→ **What to do**
Beginning with the line below that contains "Pine Valley Mountain" and ending with the line that contains "Hotel Park Suites Lima Exterior photo", retype every line exactly. Pictures are not copied.

→ **Records for processing**
+ + + + +
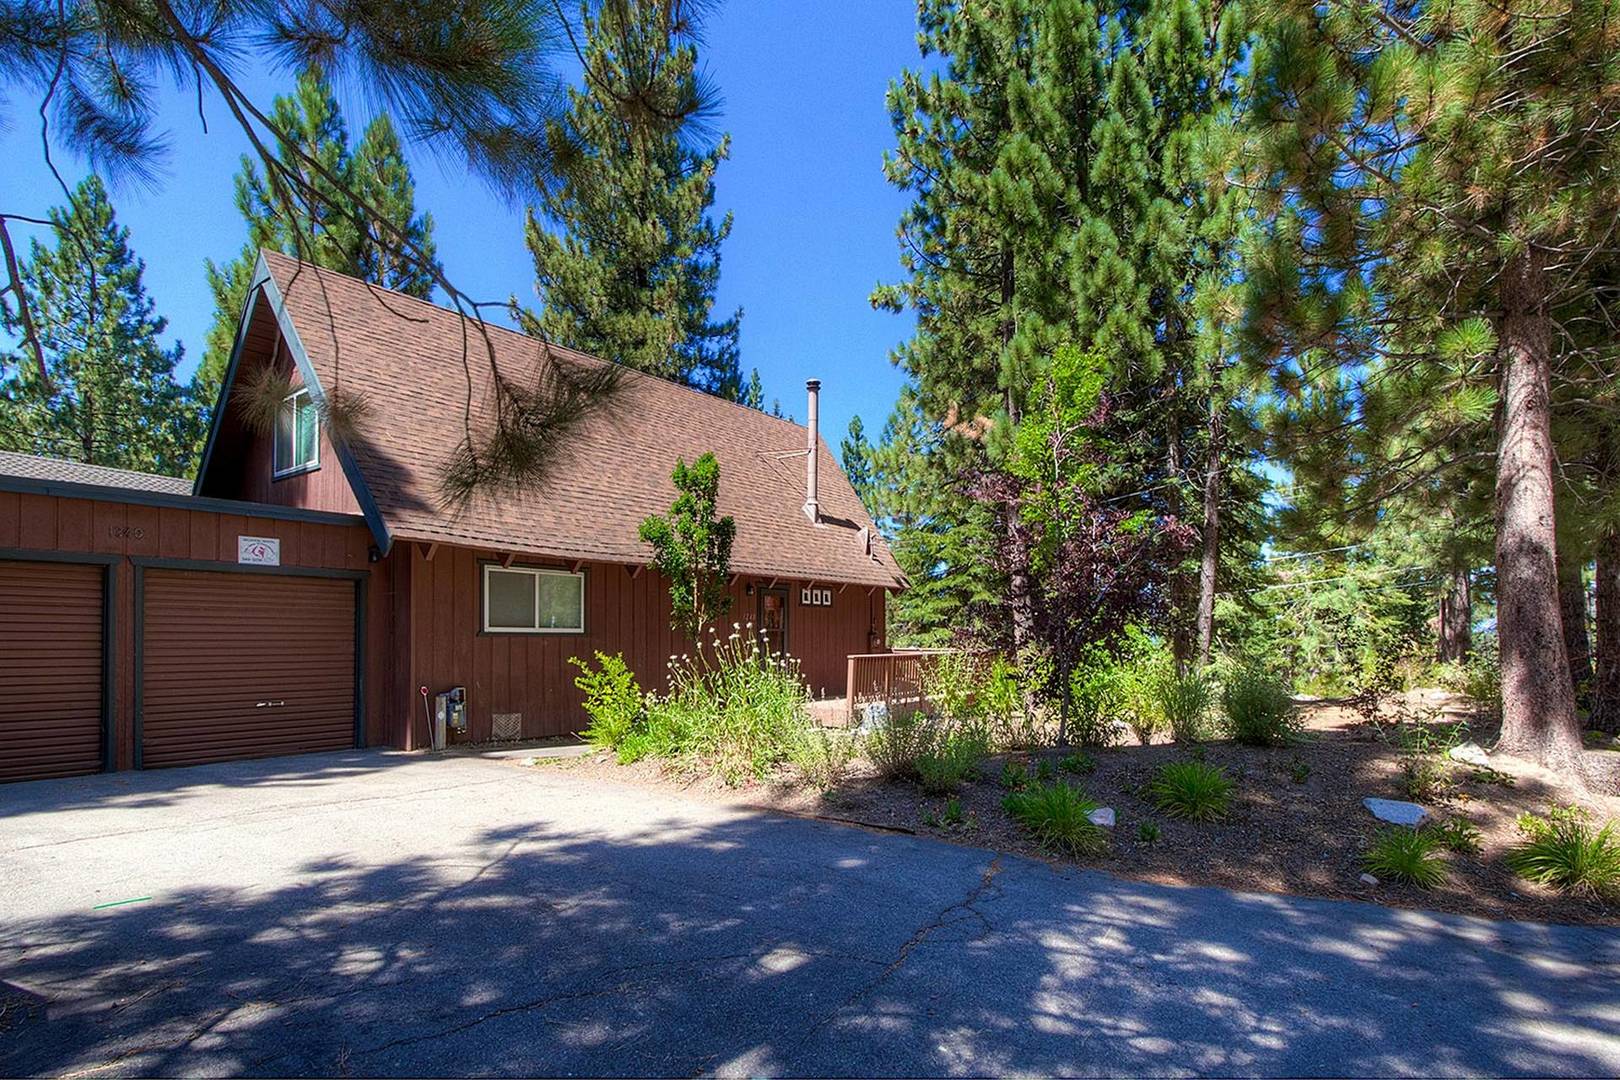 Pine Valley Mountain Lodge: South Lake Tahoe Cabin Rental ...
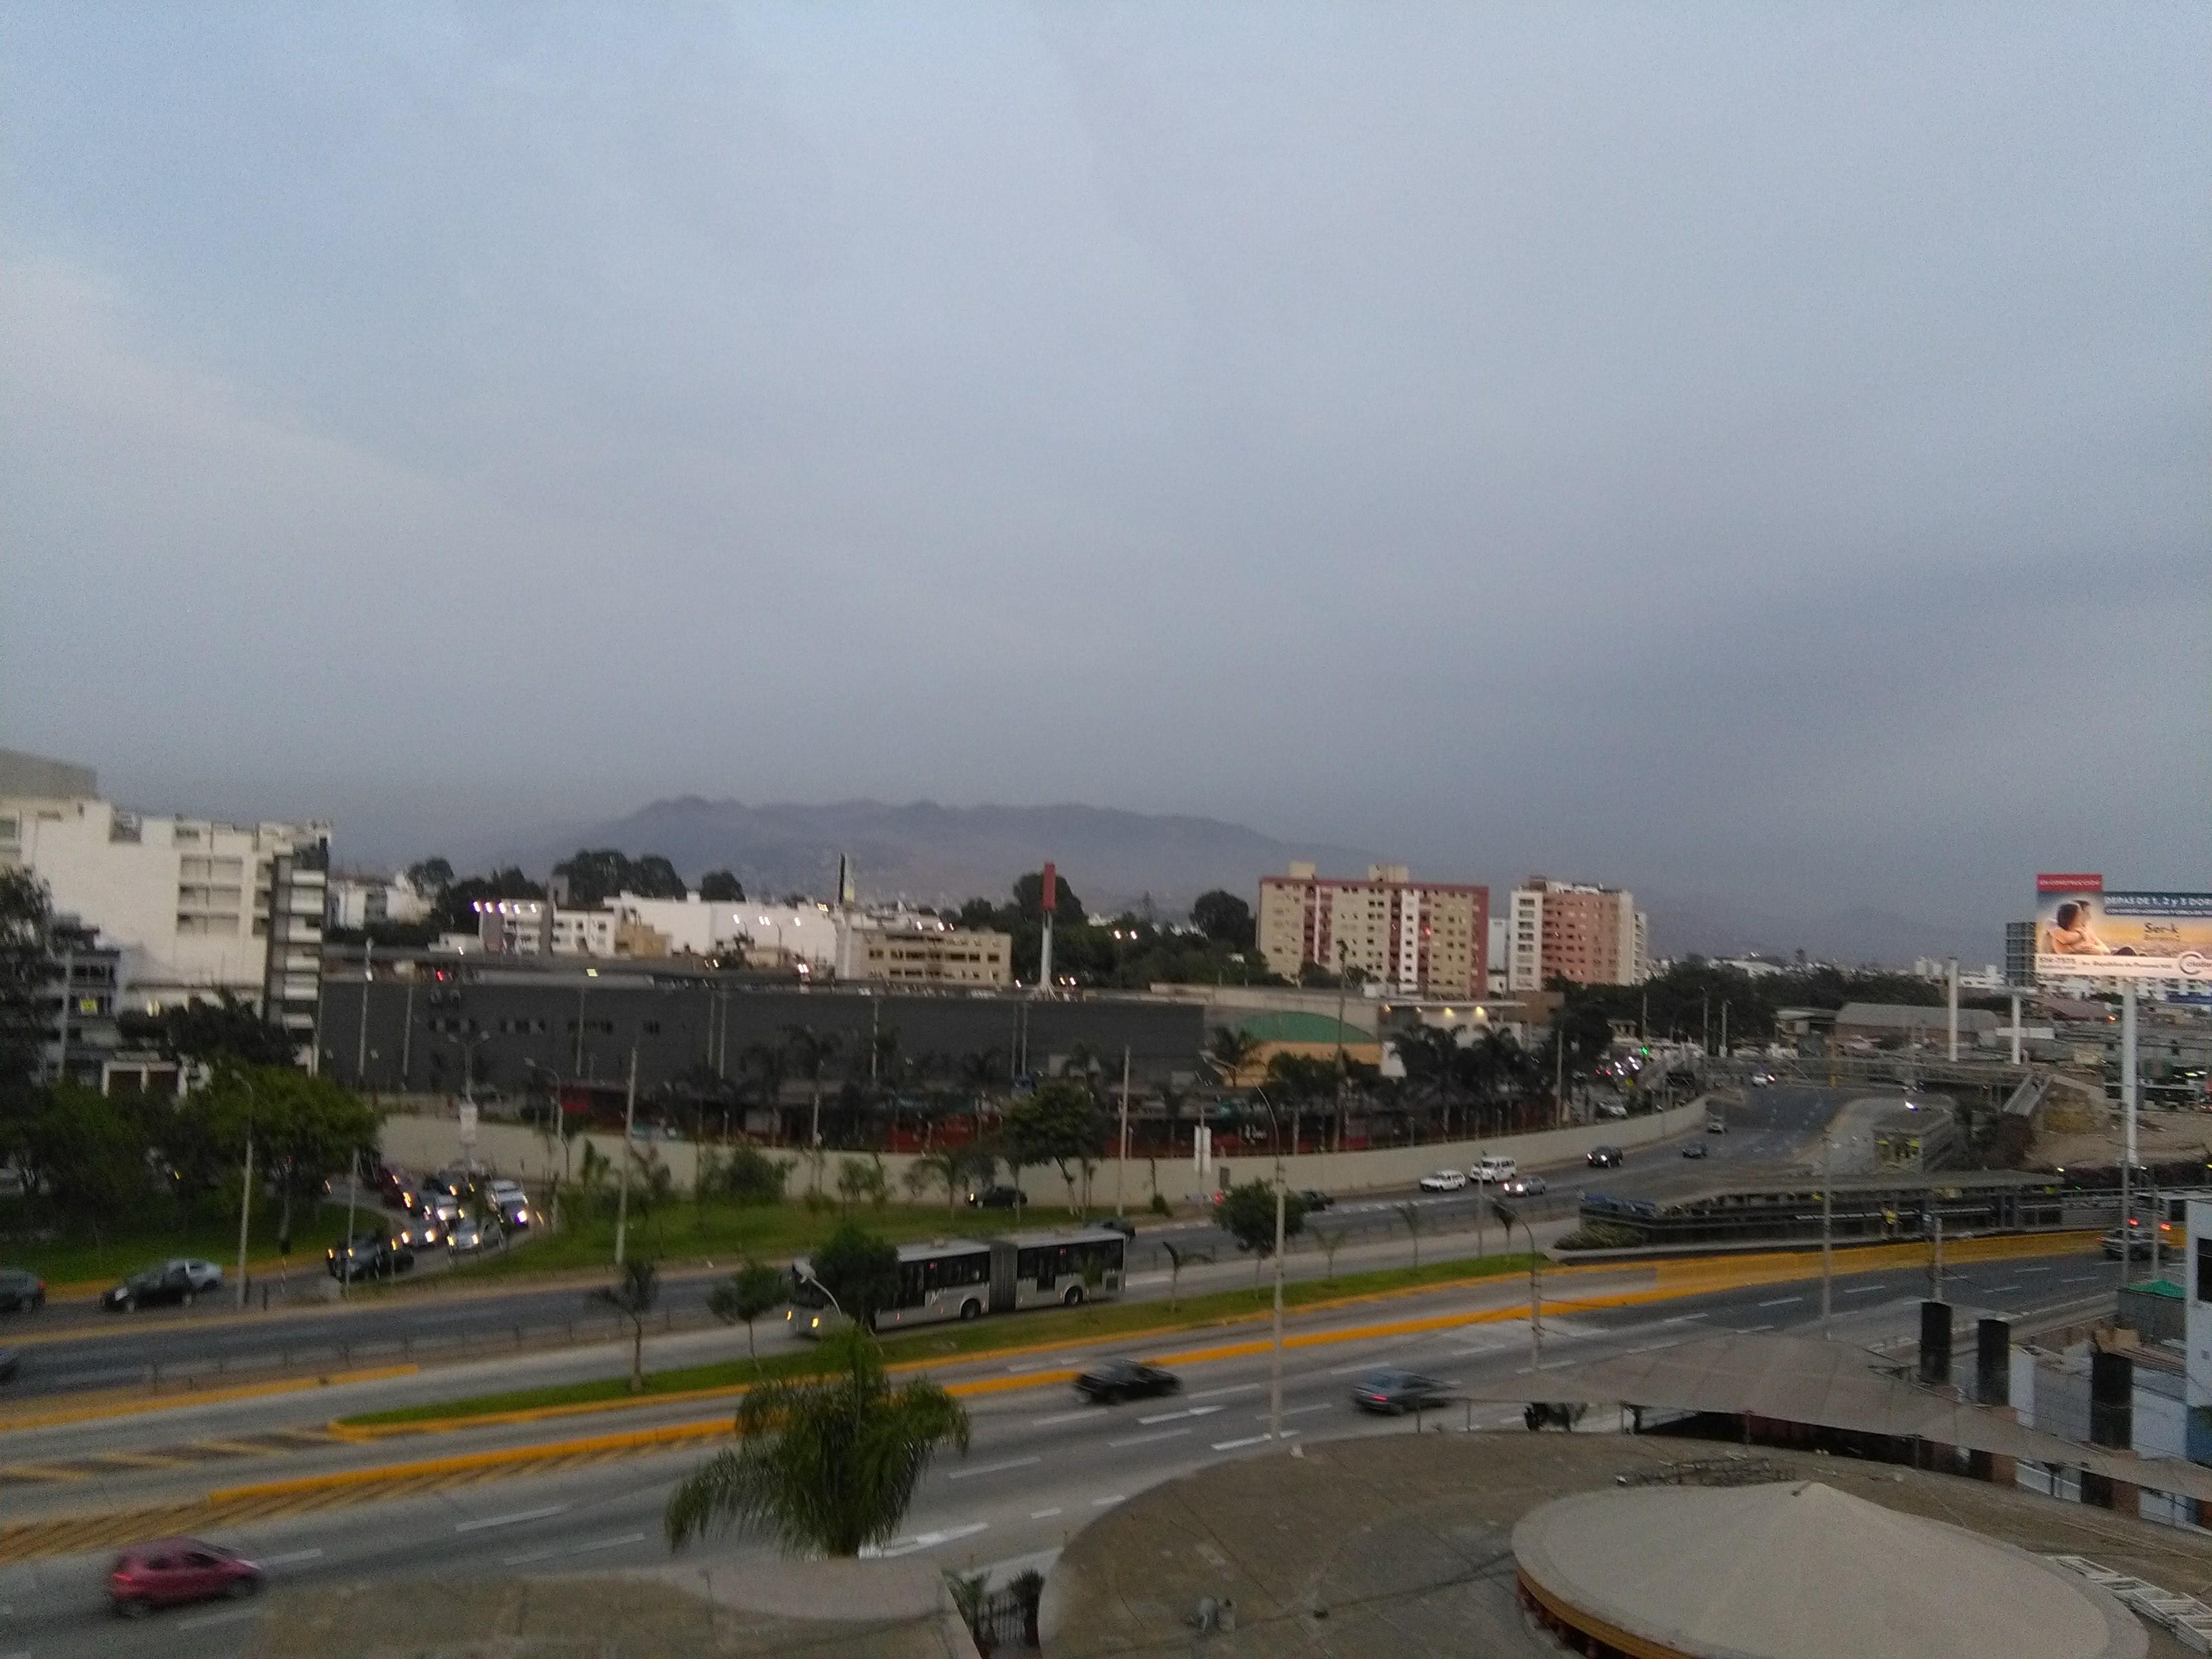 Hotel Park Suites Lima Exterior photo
+ + + + +
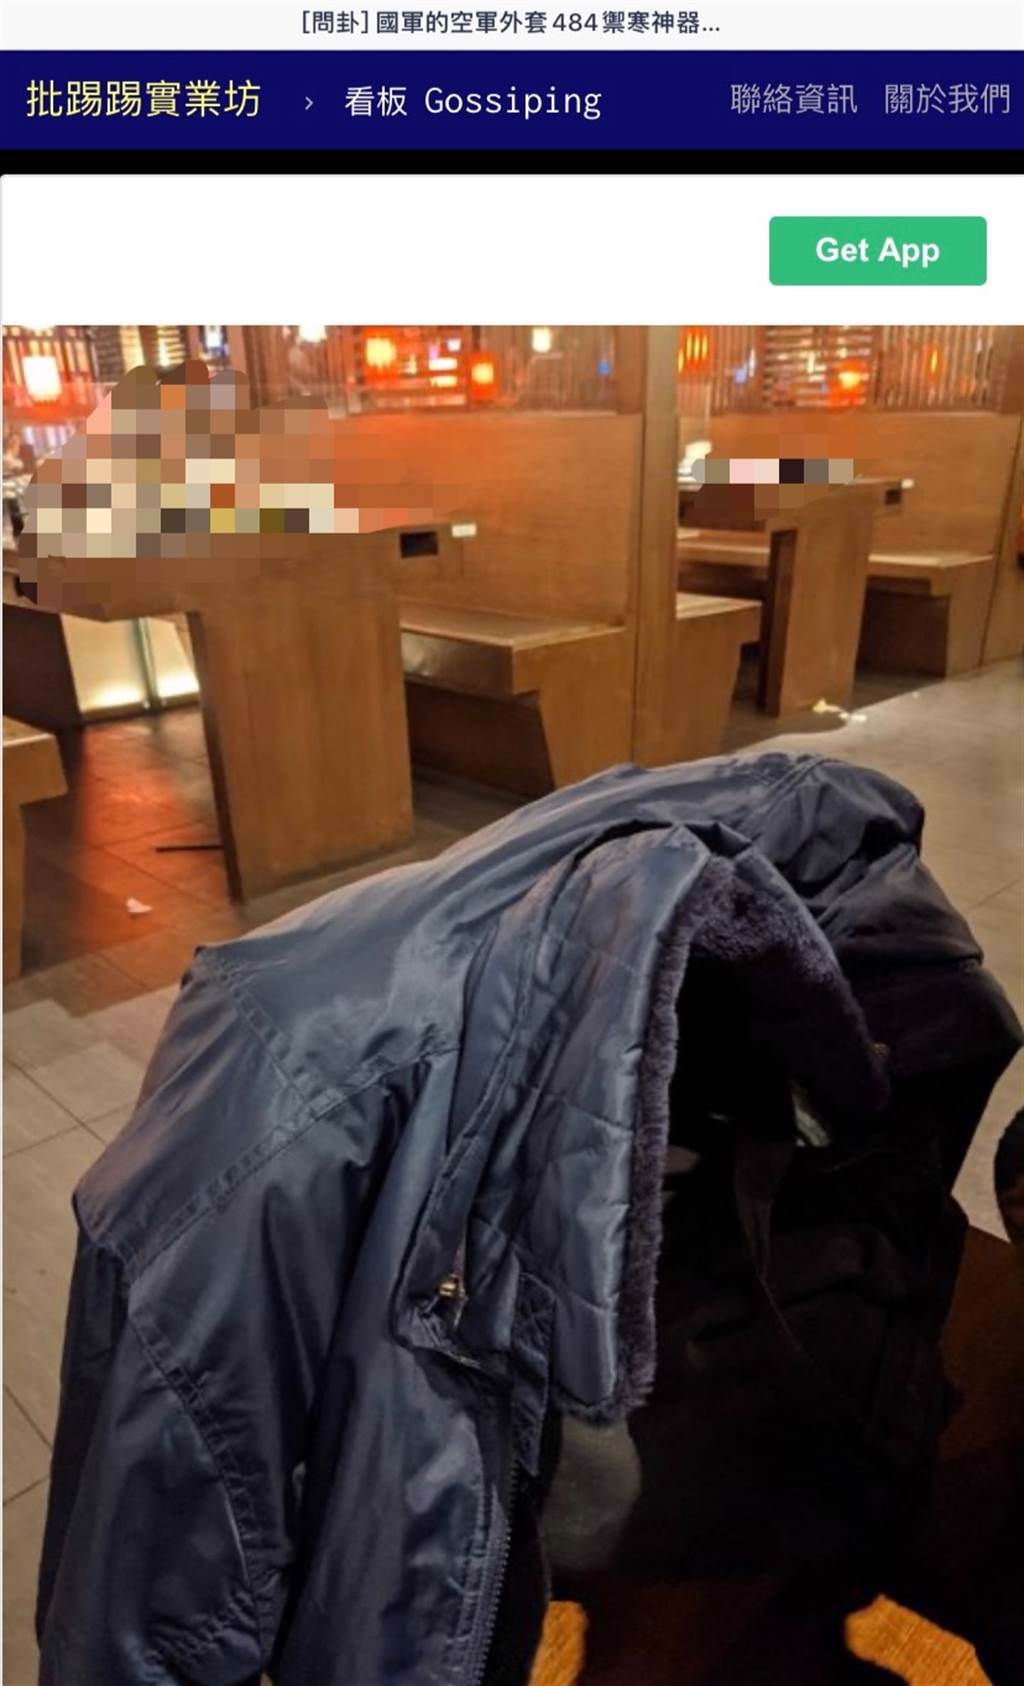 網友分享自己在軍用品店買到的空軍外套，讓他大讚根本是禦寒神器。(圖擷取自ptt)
+ + + + +
→ **Solution for this problem**
 Pine Valley Mountain Lodge: South Lake Tahoe Cabin Rental ...
 Hotel Park Suites Lima Exterior photo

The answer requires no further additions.